Use CrossEntropyLoss with LogSoftmax

ghz 19hours ago ⋅ 2 views

From the Pytorch documentation, CrossEntropyLoss combines LogSoftMax and NLLLoss together in one single class

But I am curious; what happens if we use both CrossEntropyLoss for criterion and LogSoftMax in my classifier:

model_x.fc = nn.Sequential (nn.Linear(num_ftrs, 2048, bias=True), nn.ReLU(), 
                               nn.Linear(2048, 1024 ), nn.ReLU(),
                               nn.Linear(1024 ,256), nn.ReLU(),
                                nn.Linear(256 ,128), nn.ReLU(),
                               nn.Linear(128, num_labels),nn.LogSoftmax(dim = 1))

criterion = nn.CrossEntropyLoss()

Then if i have saved a trained model using the code above, how can I check the criterion used by the saved model?

Answer

If you use both CrossEntropyLoss and LogSoftmax together, you essentially apply the softmax transformation and the negative log likelihood loss twice, which is incorrect. The reason is that CrossEntropyLoss already combines both the LogSoftmax and NLLLoss (Negative Log Likelihood Loss) into a single operation, so applying LogSoftmax separately on the output before passing it to CrossEntropyLoss will result in unnecessary and incorrect double computation.

Why Using Both is Problematic:

  1. CrossEntropyLoss already includes:

    • LogSoftmax: It first applies the log of the softmax function to the model's output.
    • NLLLoss: It then computes the negative log-likelihood loss based on the log-softmaxed probabilities.
  2. LogSoftmax on its own:

    • If you add LogSoftmax explicitly to the model's output, you are manually computing the logarithm of the probabilities.

Thus, if you use both, you are essentially calculating the log of the softmaxed probabilities twice. This can lead to incorrect loss values during training because the model's logits are transformed twice.

Correct Usage:

Instead of using both LogSoftmax in the model and CrossEntropyLoss as the criterion, you should remove the LogSoftmax from the model and just use CrossEntropyLoss. Here’s how you should define your model:

model_x.fc = nn.Sequential(
    nn.Linear(num_ftrs, 2048, bias=True),
    nn.ReLU(),
    nn.Linear(2048, 1024),
    nn.ReLU(),
    nn.Linear(1024, 256),
    nn.ReLU(),
    nn.Linear(256, 128),
    nn.ReLU(),
    nn.Linear(128, num_labels)  # no LogSoftmax here
)

# Criterion (CrossEntropyLoss automatically applies LogSoftmax internally)
criterion = nn.CrossEntropyLoss()

How to Check the Criterion Used by the Saved Model:

When you save a model in PyTorch using torch.save(model.state_dict()), the saved model only contains the parameters (weights and biases), and does not store the criterion or the loss function used during training. This is because loss functions (like CrossEntropyLoss) are part of the training process and are not part of the model's architecture, which is saved via the state_dict.

However, you can infer the criterion used based on the model architecture and how the loss was computed during training. If you save your training settings (for example, in a config file or documentation), you can refer to that information to determine which criterion was used.

How to Check the Model Architecture and Loss:

  1. Model Architecture:

    • You can inspect the model's architecture (i.e., the layers in model_x.fc) to see if a LogSoftmax layer is included. If it's there, it’s a clue that the criterion used should likely not be CrossEntropyLoss, but something like NLLLoss.
  2. Training Script or Configuration:

    • If you have saved your training settings (in a configuration file, training log, or script), you can refer to it to check which criterion was used.
  3. Manual Tracking:

    • If you're saving and loading models, it's good practice to also save the hyperparameters and training settings in a separate file to keep track of what was used (for example, using a JSON or YAML file for configuration).

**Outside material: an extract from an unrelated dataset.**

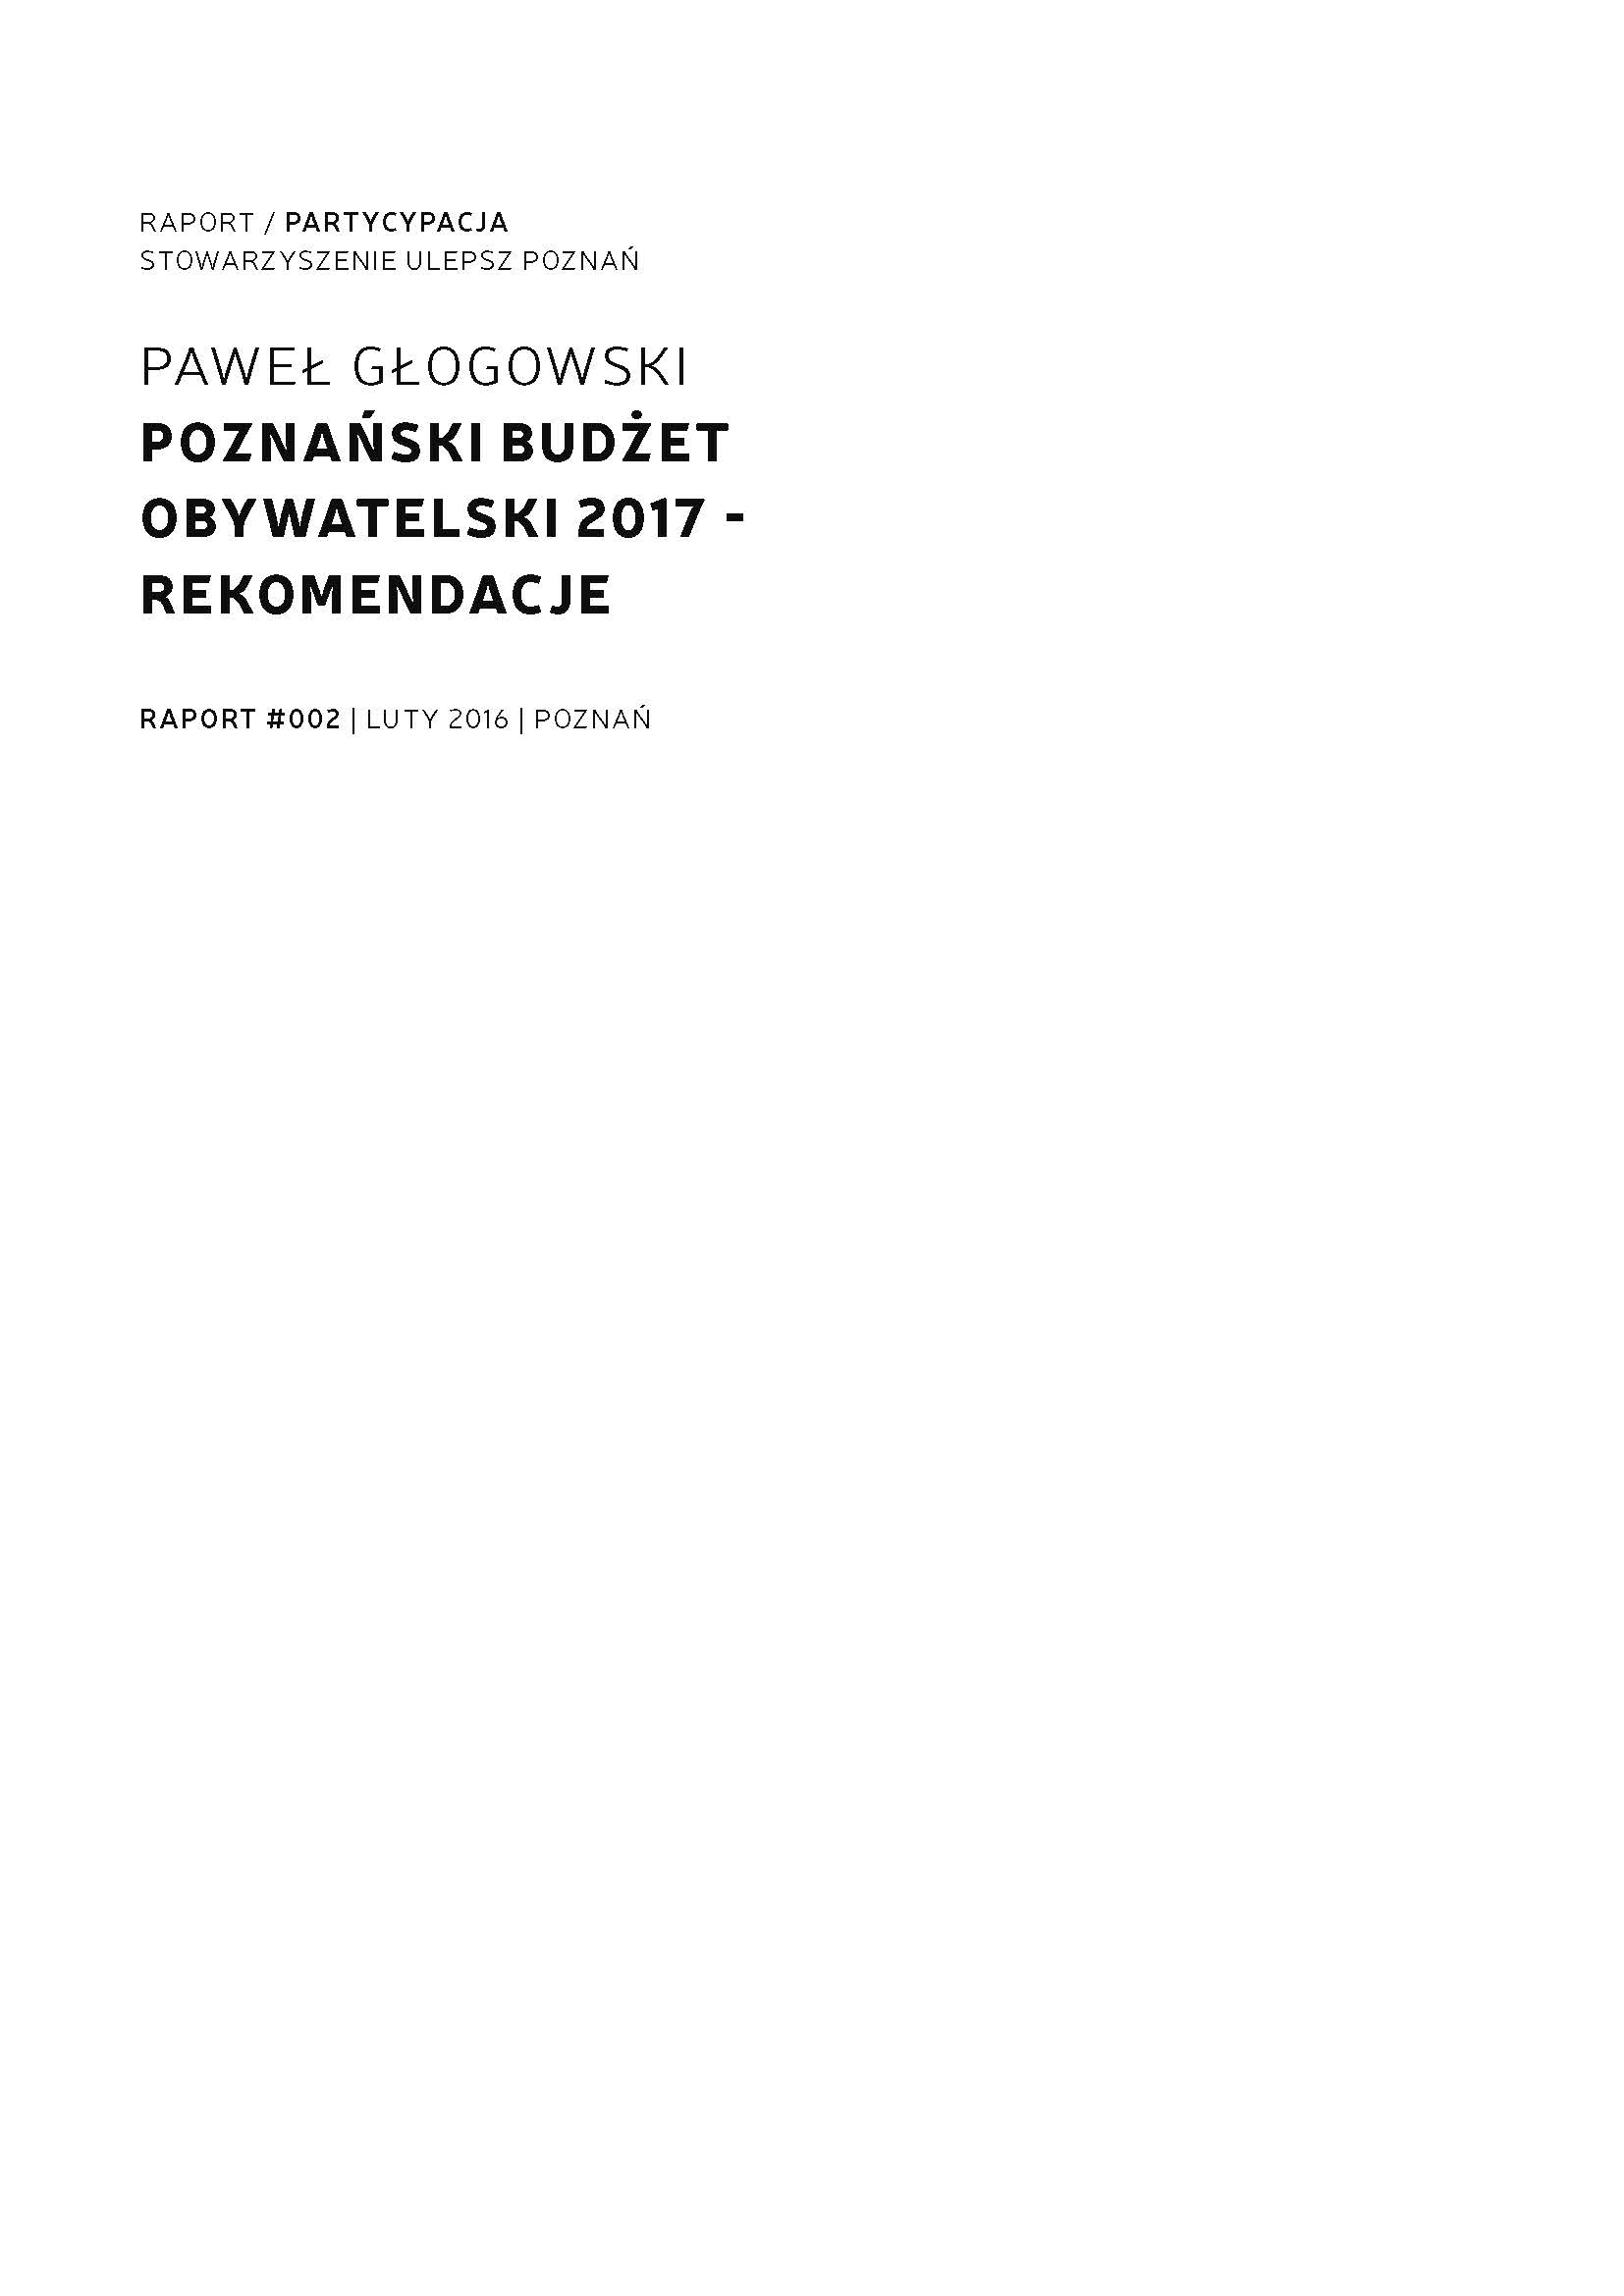 Poznański Budżet Obywatelski 2017 – Rekomendacje

Example for Saving Model and Training Settings:

# Save the model's state dict and other training settings
torch.save({
    'model_state_dict': model.state_dict(),
    'optimizer_state_dict': optimizer.state_dict(),
    'epoch': epoch,
    'loss': loss,
    'config': {
        'criterion': 'CrossEntropyLoss',
        'learning_rate': learning_rate,
        'batch_size': batch_size,
        # ... other settings
    }
}, 'model_checkpoint.pth')

To check the criterion later, you can load the saved settings:

checkpoint = torch.load('model_checkpoint.pth')
model.load_state_dict(checkpoint['model_state_dict'])
config = checkpoint['config']

print(config['criterion'])  # Check the criterion used

This way, you explicitly track the training setup along with the model's weights.

Conclusion:

  • Don't use both LogSoftmax and CrossEntropyLoss together. CrossEntropyLoss already includes LogSoftmax internally.
  • To check the criterion used by a saved model, you can store and load the training configuration separately, as PyTorch does not store the criterion in the model checkpoint.